▸ To do:
Please copy out the entries below exactly, beginning with the line that contains "Gfr DOTCHIN (XIX" and ending with the line that contains "1959 Red Pontiac", and include nothing outside that span.
********************
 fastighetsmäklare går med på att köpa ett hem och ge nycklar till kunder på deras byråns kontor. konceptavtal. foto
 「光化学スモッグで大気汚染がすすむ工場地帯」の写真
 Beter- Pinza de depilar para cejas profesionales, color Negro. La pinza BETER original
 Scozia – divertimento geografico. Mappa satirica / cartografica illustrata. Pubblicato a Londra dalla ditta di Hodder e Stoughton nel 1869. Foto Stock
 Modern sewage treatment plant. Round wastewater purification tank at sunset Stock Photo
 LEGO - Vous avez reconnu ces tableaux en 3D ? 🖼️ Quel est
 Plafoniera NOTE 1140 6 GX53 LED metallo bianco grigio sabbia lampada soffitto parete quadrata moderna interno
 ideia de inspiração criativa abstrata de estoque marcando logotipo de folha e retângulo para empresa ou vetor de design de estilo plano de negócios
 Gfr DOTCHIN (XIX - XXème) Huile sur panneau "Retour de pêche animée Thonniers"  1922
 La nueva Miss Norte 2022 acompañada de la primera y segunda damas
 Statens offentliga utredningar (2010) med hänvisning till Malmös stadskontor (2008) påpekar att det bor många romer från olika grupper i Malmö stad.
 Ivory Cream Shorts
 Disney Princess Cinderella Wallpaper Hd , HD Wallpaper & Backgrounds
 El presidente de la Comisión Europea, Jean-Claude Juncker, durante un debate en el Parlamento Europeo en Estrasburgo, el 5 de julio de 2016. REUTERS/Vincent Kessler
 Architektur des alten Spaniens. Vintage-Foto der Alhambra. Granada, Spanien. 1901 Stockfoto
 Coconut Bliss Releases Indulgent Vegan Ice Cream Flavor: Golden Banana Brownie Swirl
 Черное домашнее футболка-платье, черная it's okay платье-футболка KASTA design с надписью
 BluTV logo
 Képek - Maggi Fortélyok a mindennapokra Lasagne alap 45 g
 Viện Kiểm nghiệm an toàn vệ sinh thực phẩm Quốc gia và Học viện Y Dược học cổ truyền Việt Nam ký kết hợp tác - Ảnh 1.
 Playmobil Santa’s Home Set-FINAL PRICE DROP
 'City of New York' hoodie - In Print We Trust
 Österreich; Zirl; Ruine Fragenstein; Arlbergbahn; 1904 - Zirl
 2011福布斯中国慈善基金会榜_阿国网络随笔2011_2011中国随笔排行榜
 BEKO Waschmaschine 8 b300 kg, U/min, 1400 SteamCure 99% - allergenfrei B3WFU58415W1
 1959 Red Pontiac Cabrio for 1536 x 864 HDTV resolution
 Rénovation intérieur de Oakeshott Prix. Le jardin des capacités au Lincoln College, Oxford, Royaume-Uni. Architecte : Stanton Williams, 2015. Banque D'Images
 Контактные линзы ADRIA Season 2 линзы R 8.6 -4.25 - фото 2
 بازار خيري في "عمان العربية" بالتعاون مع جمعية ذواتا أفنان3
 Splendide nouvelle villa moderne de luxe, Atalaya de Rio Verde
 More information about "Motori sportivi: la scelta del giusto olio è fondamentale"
********************
▸ Response to the exercise:
 Gfr DOTCHIN (XIX - XXème) Huile sur panneau "Retour de pêche animée Thonniers"  1922
 La nueva Miss Norte 2022 acompañada de la primera y segunda damas
 Statens offentliga utredningar (2010) med hänvisning till Malmös stadskontor (2008) påpekar att det bor många romer från olika grupper i Malmö stad.
 Ivory Cream Shorts
 Disney Princess Cinderella Wallpaper Hd , HD Wallpaper & Backgrounds
 El presidente de la Comisión Europea, Jean-Claude Juncker, durante un debate en el Parlamento Europeo en Estrasburgo, el 5 de julio de 2016. REUTERS/Vincent Kessler
 Architektur des alten Spaniens. Vintage-Foto der Alhambra. Granada, Spanien. 1901 Stockfoto
 Coconut Bliss Releases Indulgent Vegan Ice Cream Flavor: Golden Banana Brownie Swirl
 Черное домашнее футболка-платье, черная it's okay платье-футболка KASTA design с надписью
 BluTV logo
 Képek - Maggi Fortélyok a mindennapokra Lasagne alap 45 g
 Viện Kiểm nghiệm an toàn vệ sinh thực phẩm Quốc gia và Học viện Y Dược học cổ truyền Việt Nam ký kết hợp tác - Ảnh 1.
 Playmobil Santa’s Home Set-FINAL PRICE DROP
 'City of New York' hoodie - In Print We Trust
 Österreich; Zirl; Ruine Fragenstein; Arlbergbahn; 1904 - Zirl
 2011福布斯中国慈善基金会榜_阿国网络随笔2011_2011中国随笔排行榜
 BEKO Waschmaschine 8 b300 kg, U/min, 1400 SteamCure 99% - allergenfrei B3WFU58415W1
 1959 Red Pontiac Cabrio for 1536 x 864 HDTV resolution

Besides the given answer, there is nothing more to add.